The empty streets of Manhattan, Kansas, captured on live internet video cams, seemed surreal to Connor Embleman. Not a living soul stirred in the city that, one week earlier, was home to fifty-six thousand people. Though the streets were absent any traffic, stoplights continued to function, one of the only ways to tell that some of the video feeds—the ones with no trees, no bushes, no movement at all—were not simply still shots.

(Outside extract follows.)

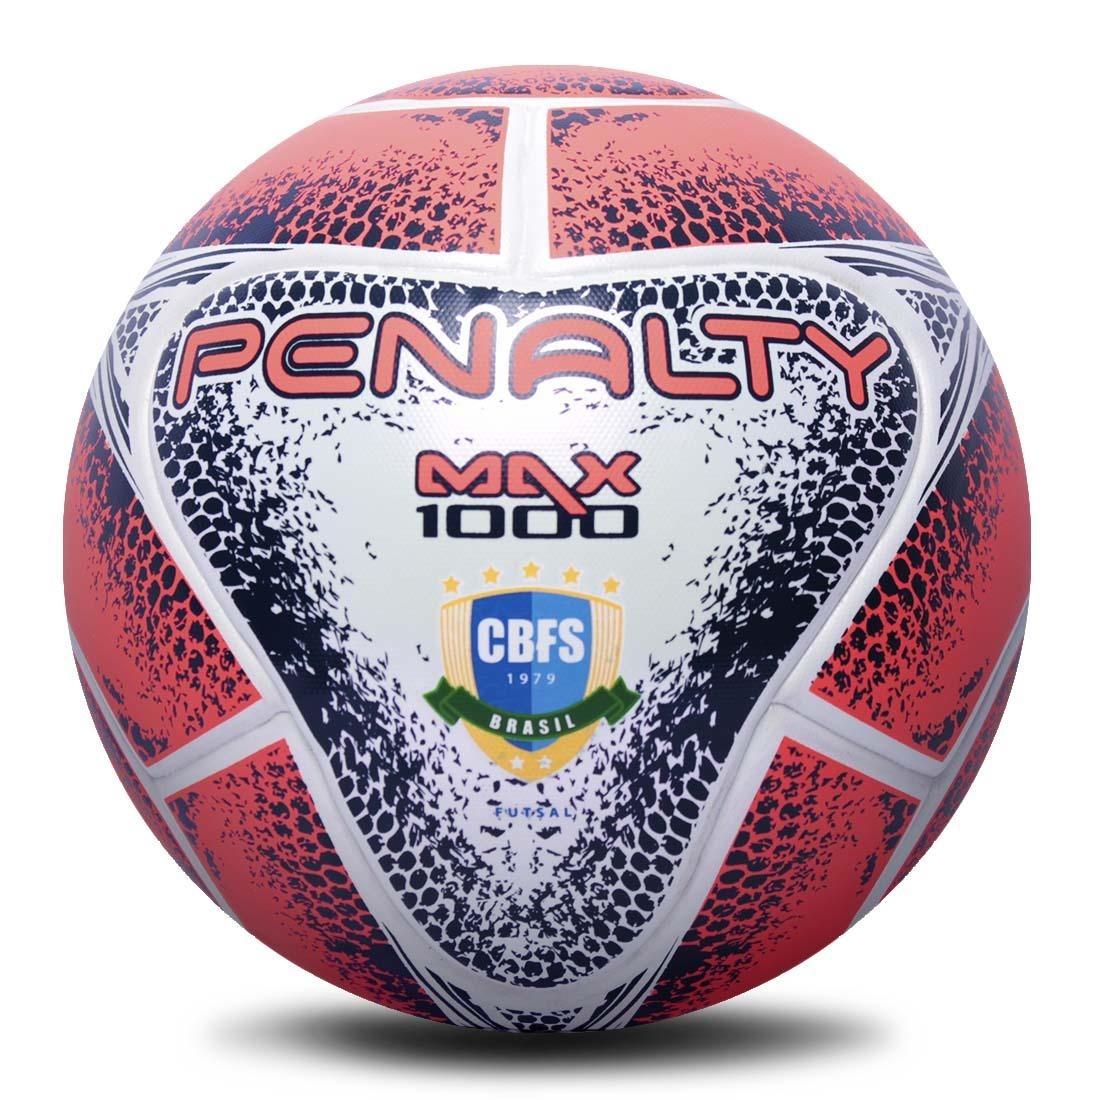 3c8904cf71 bola futsal penalty max 1000 aprovada fifa 2018 na caixa. Carregando zoom.

As fire chief of the Manhattan Fire Department, he had been among the last to leave the city in the wake of the mandatory evacuation order. He—along with Cage Mackey, the chief of police, and the director of emergency management, Sabrina Sammons—had argued against an evacuation.  No solid evidence of a real and imminent threat had been presented to them. The mayor, though, told them the matter wasn’t up for debate. She suggested to the three of them that they not go on record opposing the evacuation. If something did happen, she said, their opposition would destroy public faith in their leadership and ability to protect the public.

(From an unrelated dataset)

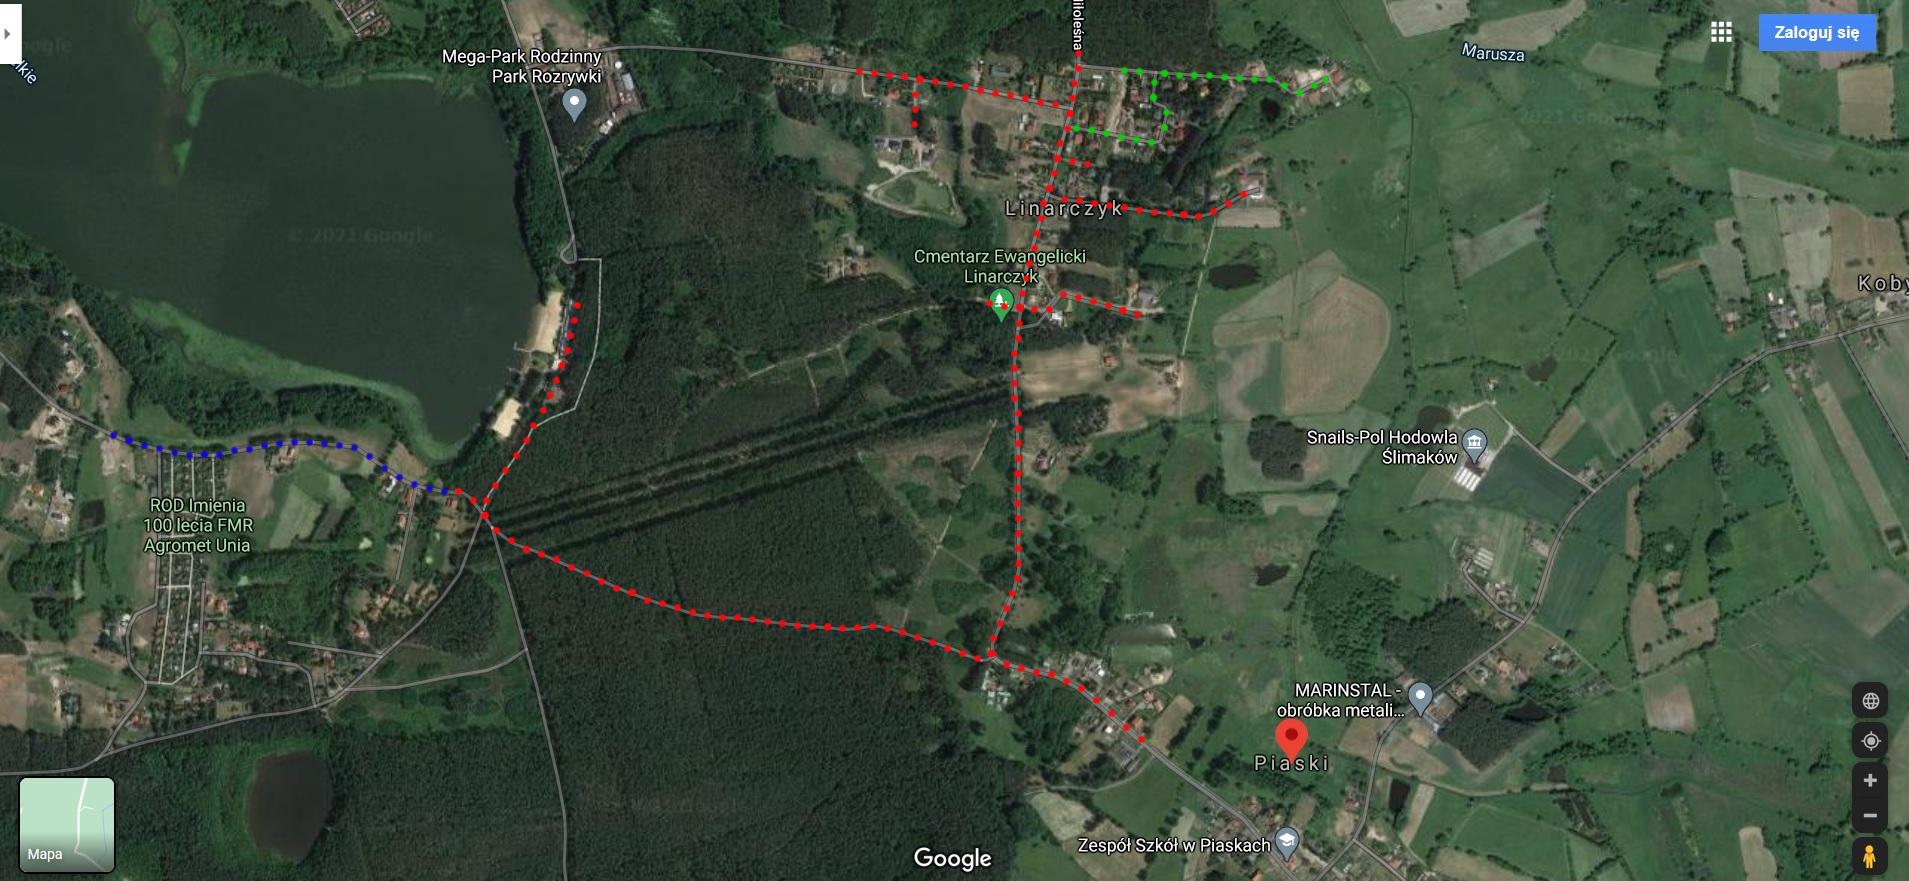 poglądowy schemat przebiegu sieci kanalizacyjnej Piaski-Linarczyk

Neither the mayor of Manhattan nor the governor of Kansas had ordered the evacuation. The recommendation to  evacuate came from the Pentagon and was ordered by the President of the United States. Contrary to the hundreds of rumors flying at breakneck speed across the city and, indeed the world, the threat was not Al Queda or ISIL.

Shoko Matsumoto, the leader of a Japanese group that called itself Bushidō, issued the threat. Bushidō was formed in 2011 to exact revenge for what Matsumoto considered the most egregious acts of terrorism ever committed, the atomic bombings of Hiroshima and Nagasaki. Bushidō had issued direct threats before, but those threats had not made their way into the public discourse for many reasons, not the least of which was the consensus among terrorism experts that the group did not have the capacity to carry out even small-scale attacks.

The consensus about Bushidō’s impotence quickly changed with the detonation of a small nuclear device on Clipperton Island, an uninhabited coral atoll south of Mexico and west of Guatemala.  The blast took place forty-eight hours after a message was delivered, by courier, to the offices of the Consulate General of the United States in Guadalajara, Jalisco, Mexico.  The message read as follows:

In two days time, Bushidō will detonate a nuclear device on Clipperton Island to demonstrate our ability to carry out our objectives.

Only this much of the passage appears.